Капитан Полоньский и его товарищ неспешно шли по Новому Свету[8], временами останавливаясь, когда разговор становился напряженным. Приближалась полночь. Резкий зимний ветер разогнал людей по домам, и улица казалась вымершей. Лишь шелестели сорванные ветром и гонимые его порывами плакаты, афиши, какие-то листовки. Полоньский с раздражением отбрасывал их ногой.

— Ты думаешь, это самоубийство? — спросил майор Щенсный.

— Уверен на девяносто процентов. Оставшиеся десять можно отнести к версии о попытке отравления, но тут у нас нет никаких доказательств. Этот субъект выкарабкался, хотя одной ногой уже стоял в могиле.

— Память к нему вернулась?

— Во всяком случае, он узнает жену, квартиру и этого заместителя председателя кооператива, Малевского. Вчера, когда я был у Завадовских, он сообщил мне, что отдает себе отчет в содеянном. Имеется в виду кража наркотиков.

— Сам их употреблял или продавал кому-нибудь?

— Об этом он никак не хочет говорить. Может быть, я должен… А впрочем, нет, — оборвал он свою мысль. Они остановились у ворот одного дома. Щенсный закурил сигарету. — Прокурор считает, что арестовать Завадовского, находящегося сейчас в больнице, мы всегда успеем. В квартире, конечно, ничего не нашли, но не мог же он за один раз вынести со склада кооператива двенадцать килограммов! Наверняка он делал это систематически, небольшими порциями. Наш токсиколог утверждает — я ему верю, — что Завадовский не наркоман. В таком случае, он — поставщик.

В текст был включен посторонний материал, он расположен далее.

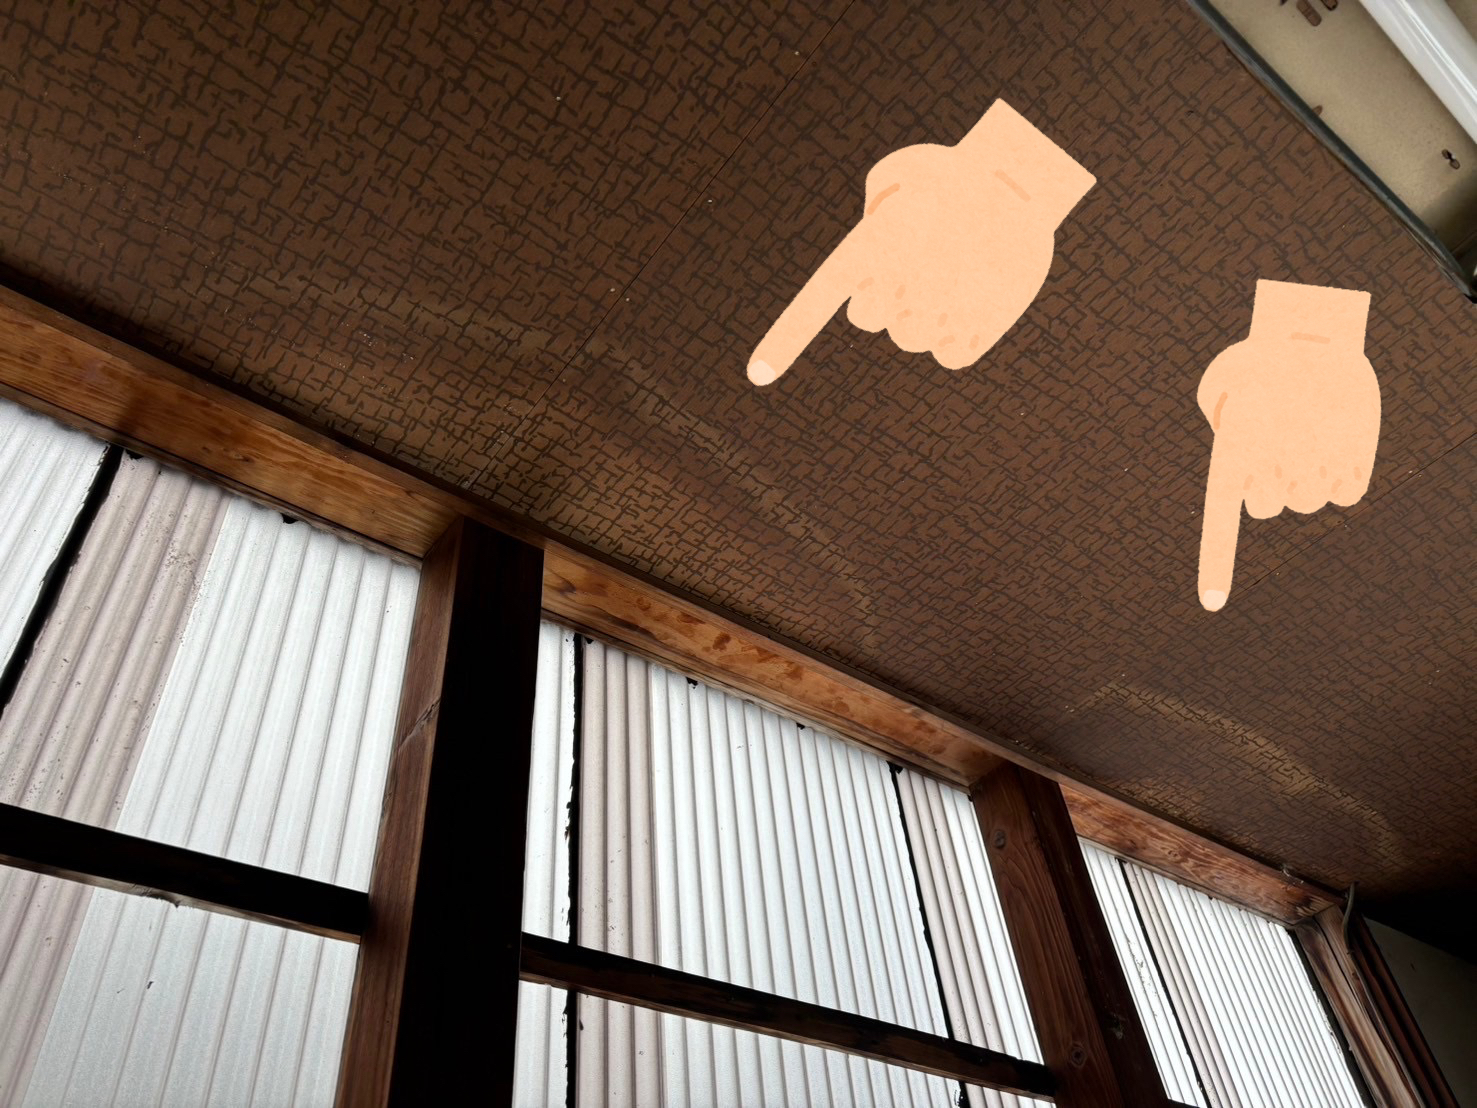 名古屋市守山区にて無料調査のご依頼。瓦のズレにより天井から雨漏りが発生していました

— Но почему же все-таки он пытался покончить с собой?

— Именно это меня более всего и заставляет задуматься. Угрызения совести? Ерунда! Страх быть разоблаченным? Скомпрометированным? Возможно, хотя он производит на меня впечатление человека достаточно твердого, решительного. В конечном счете, он сам мог прервать этот процесс, прежде чем количество украденных препаратов достигнет целых двенадцати килограммов. Видимо, ему зачем-то срочно потребовались деньги. Жена это отрицает, но она может и не знать. Или покрывает его.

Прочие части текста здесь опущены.